Thai commission delays polls on new unrest


BANGKOK: Thailand’s Election Commission on Thursday called for the postponement of key parliamentary polls due to be held on July 20 because of political unrest shaking the kingdom.

The appeal came after an attack on an anti-government rally in Bangkok the same day that left three dead.

Hours later opposition demonstrators stormed a meeting between the government and vote officials, forcing caretaker Prime Minister Niwattumrong Boonsongpaisan and other ministers to flee.

“The election on July 20 is no longer possible. It must be postponed,” Election Commission secretary general Puchong Nutrawong told Agence France-Presse.

“The reason is because today’s meeting collapsed and it affects the election timetable,” Puchong said.

He said early August was one option for the polls but that “may be too soon.”
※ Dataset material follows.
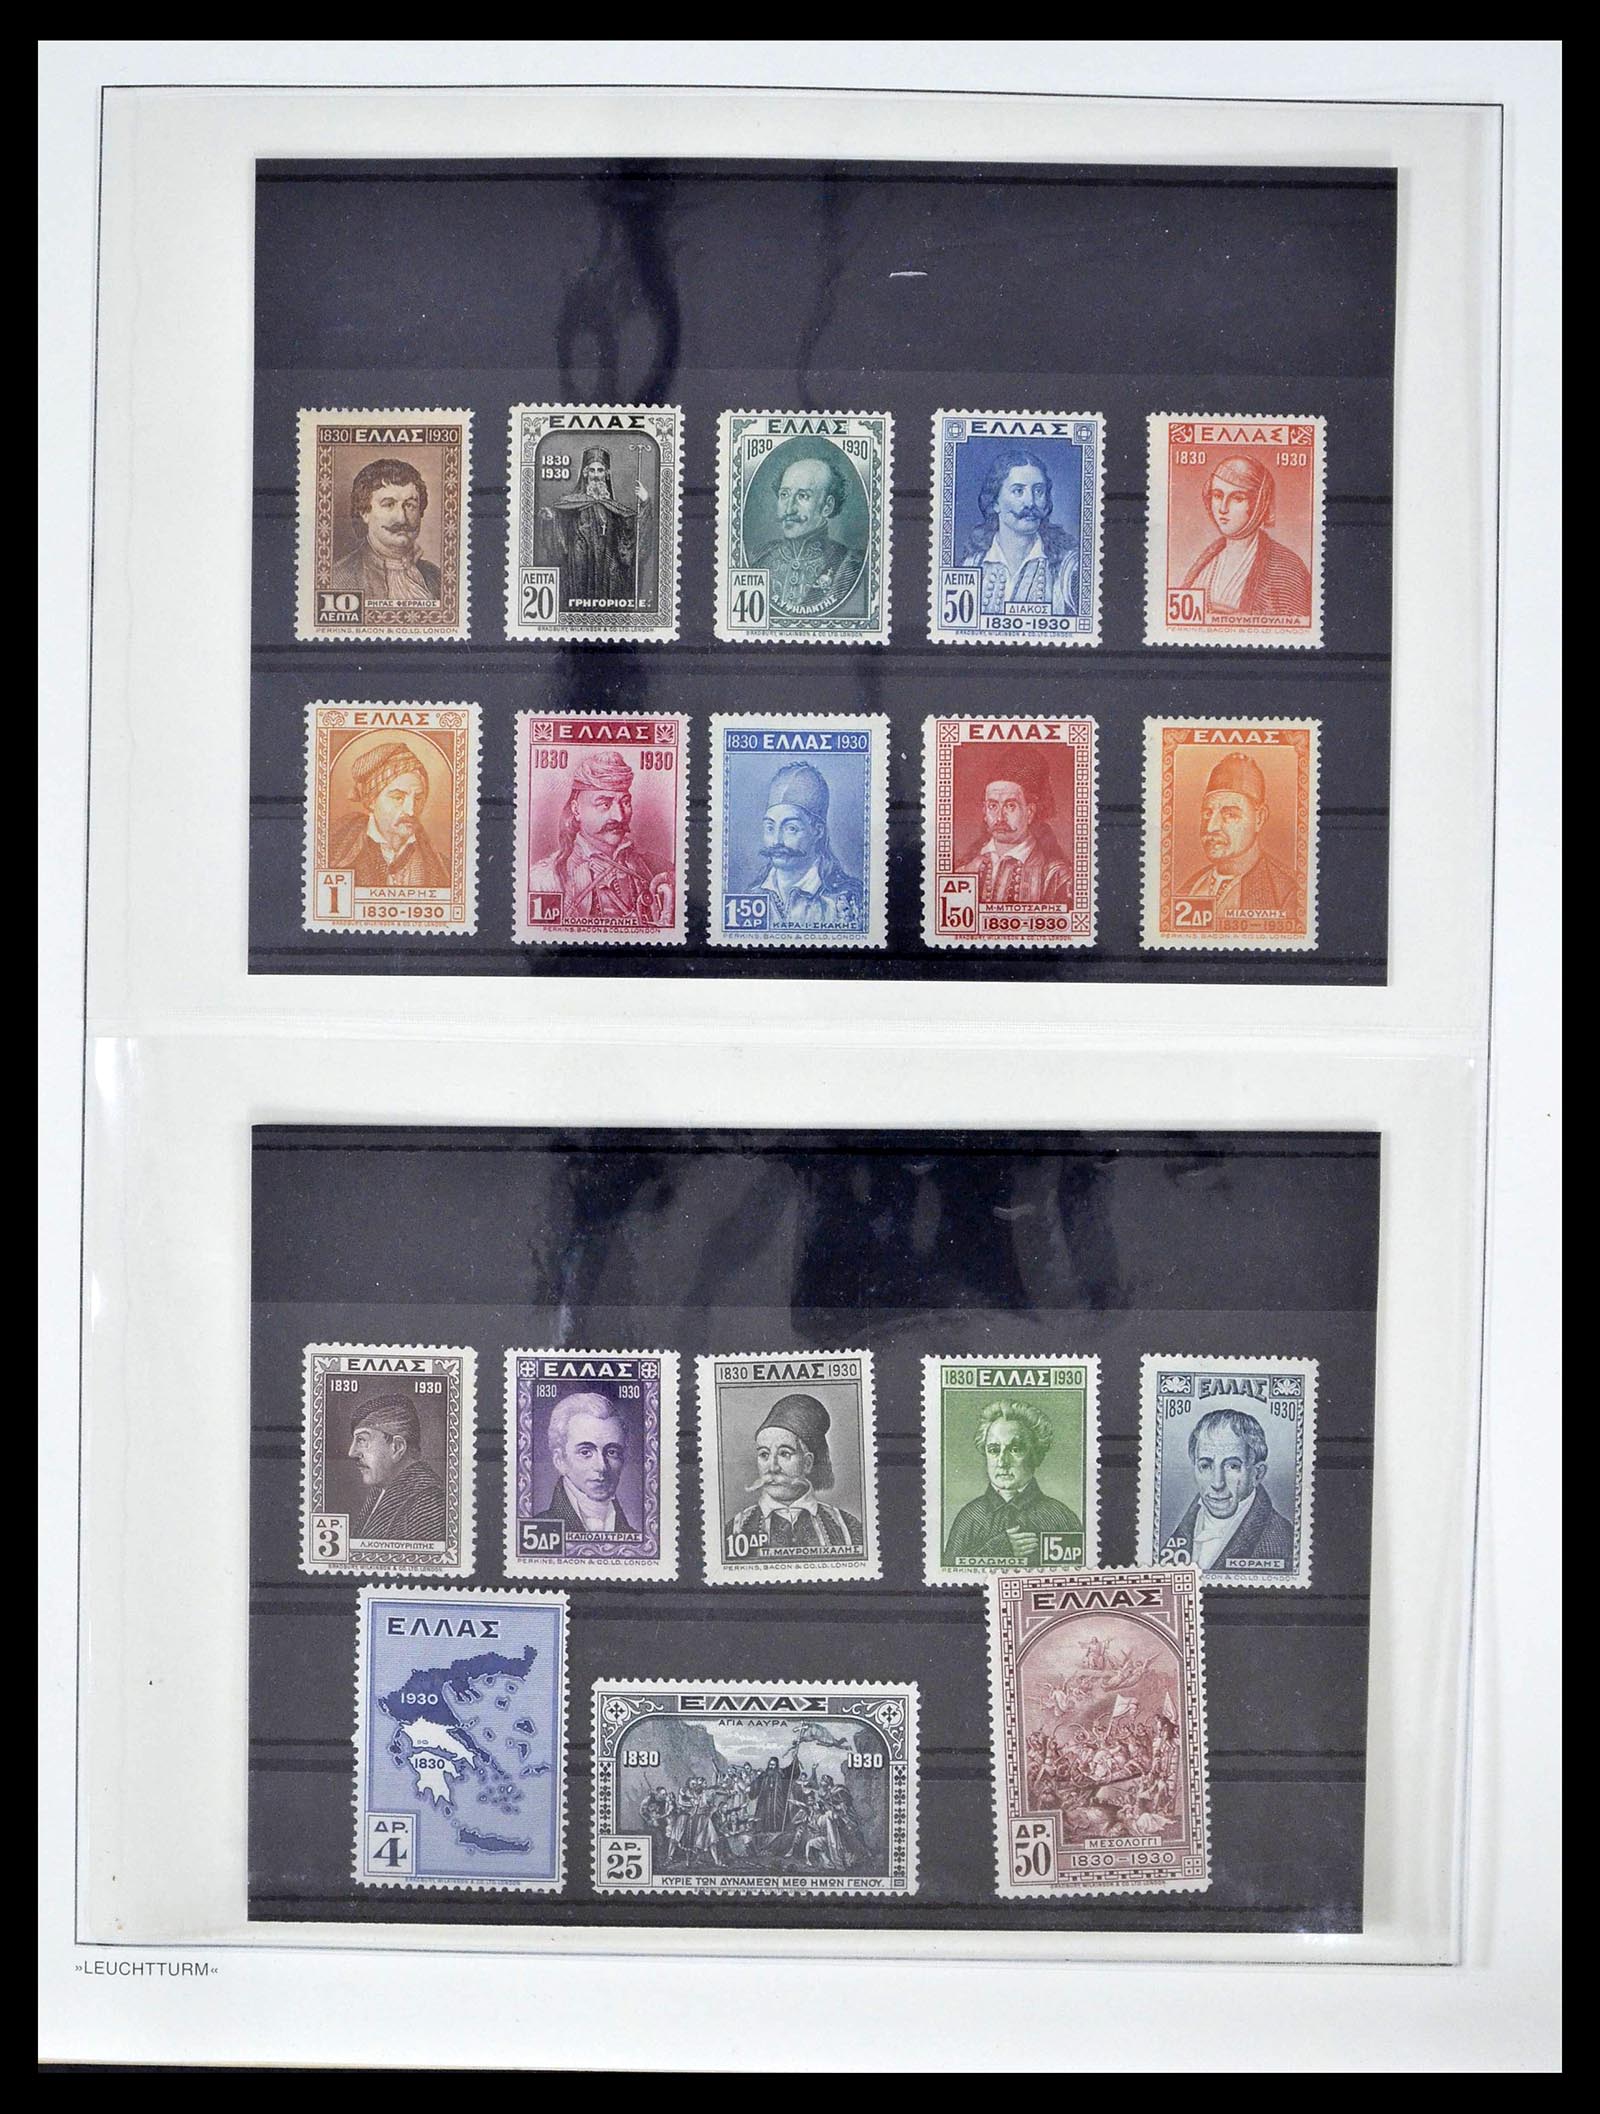 39156 0020 - Stamp collection 39156 Greece 1861-1996.

“The election cannot be held if protesters do not agree,” Puchong added.

The dismissal of prime minister Yingluck Shinawatra from office last week in a controversial court ruling has sent tensions soaring in the Southeast Asian nation, which has endured years of political turmoil.

Yingluck’s supporters have accused the Election Commission of conspiring with the anti-government movement and parts of the judiciary to prevent her party’s return to power.

Grenade blasts and gunfire at an anti-government protest site in Bangkok early Thursday left three dead and 23 wounded, stoking fears of wider political violence in the crisis-hit kingdom.

The attack comes as opposition protesters push for the appointment of an unelected premier in a move that has infuriated government supporters.

An election held in February was later annulled after demonstrators blocked voting in many areas.

The opposition refuses to take part in elections unless reforms are held first to tackle what it says is widespread corruption and cronyism.

Thailand has been torn apart by political divisions since 2006 when Yingluck’s older brother Thaksin Shinawatra was ousted in a military coup after frictions with the country’s royalist establishment.

Thaksin-led or aligned parties have won every election since 2001, but have also seen four premiers removed by coups or court rulings.